Tate & Lyle is widening its BioHarvest sweetener collaboration. The expanded programme covers multiple plant-based sweetener molecules, strengthening its technical route into sugar reduction as manufacturers seek taste, label, cost, and processing solutions beyond single-ingredient fixes.
BGG Group has appointed Bharat Ramamoorthy to lead its European and international operations. The appointment places its natural ingredients expansion under new leadership as demand rises for botanical, microalgae, stevia, and functional ingredients.
Kerry Dairy Ireland has rebranded as Kinisla and announced major investment. The majority farmer-owned dairy business will invest €300m over five years across nutritional ingredients, consumer foods, sustainability, and new roles.
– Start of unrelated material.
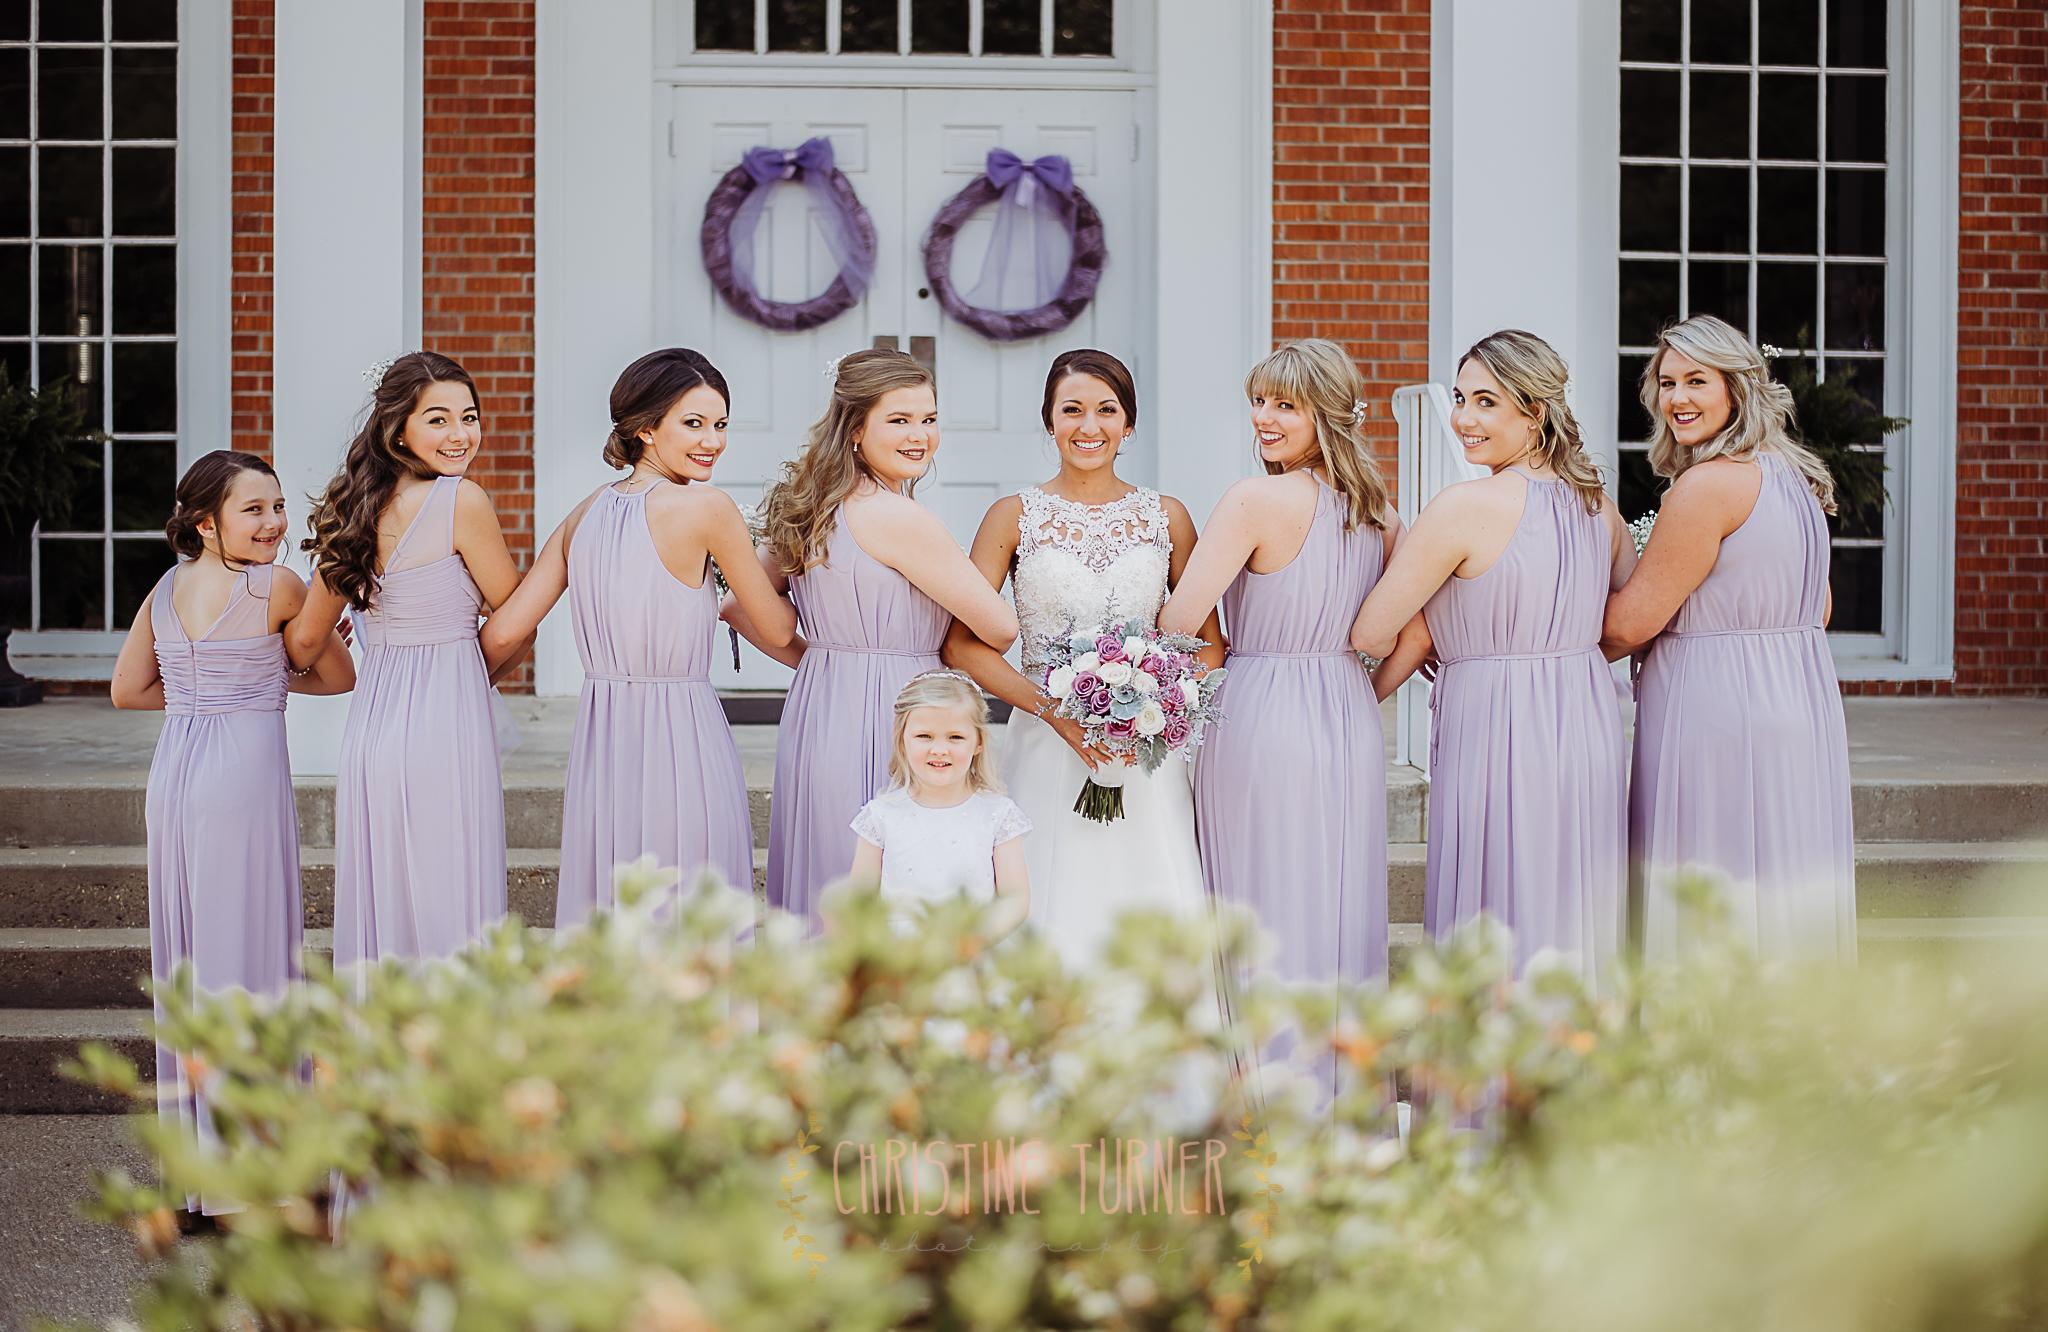 Johnston Wedding (3 of 3)

Volkmann has launched contained unloading equipment for allergenic powders. The system combines dust-tight docking, glove box access, and pneumatic conveying integration to improve ingredient handling and operator protection.
UK agencies are tightening scrutiny of honey authenticity testing databases. The framework aims to strengthen enforcement confidence as manufacturers, packers, and ingredient buyers face persistent fraud risk.
Danone is expanding regenerative agriculture metrics across its milk supply, linking farm-level assessment, methane reduction, traceability, and producer support to long-term dairy resilience.
ADM is investing in its Clinton, Iowa corn processing facility, adding high-speed receiving capacity, storage, scale upgrades, and road improvements to reduce harvest-period congestion.
Ingredion has made a conditional cash proposal for Tate & Lyle, raising the prospect of a major ingredients-sector deal across sweetening, texture, fortification, and speciality food systems.
The U.S. Food and Drug Administration has finalised its post-market food chemical safety assessment programme and opened reassessments of BHT and azodicarbonamide, increasing scrutiny of preservatives, dough conditioners, and food-contact material applications.
Austria Juice has introduced a yeast fermentation process that reduces sugar and calories in 100% fruit juice by at least 30%, giving beverage manufacturers a route into reduced-sugar juice ahead of new EU category rules.